- EXERCISE MATERIAL -
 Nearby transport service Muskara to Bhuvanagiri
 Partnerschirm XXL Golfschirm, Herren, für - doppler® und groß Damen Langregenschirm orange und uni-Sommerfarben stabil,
--
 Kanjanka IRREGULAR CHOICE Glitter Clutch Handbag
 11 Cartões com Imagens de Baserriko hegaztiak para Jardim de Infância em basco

- PROBLEM TO WORK ON -
In the listing above, find the line with "Nearby transport service" and the line with "Partnerschirm XXL Golfschirm, Herren, für". Output those two lines and every line between them, exactly as written.

- TASK SOLUTION -
 Nearby transport service Muskara to Bhuvanagiri
 Partnerschirm XXL Golfschirm, Herren, für - doppler® und groß Damen Langregenschirm orange und uni-Sommerfarben stabil,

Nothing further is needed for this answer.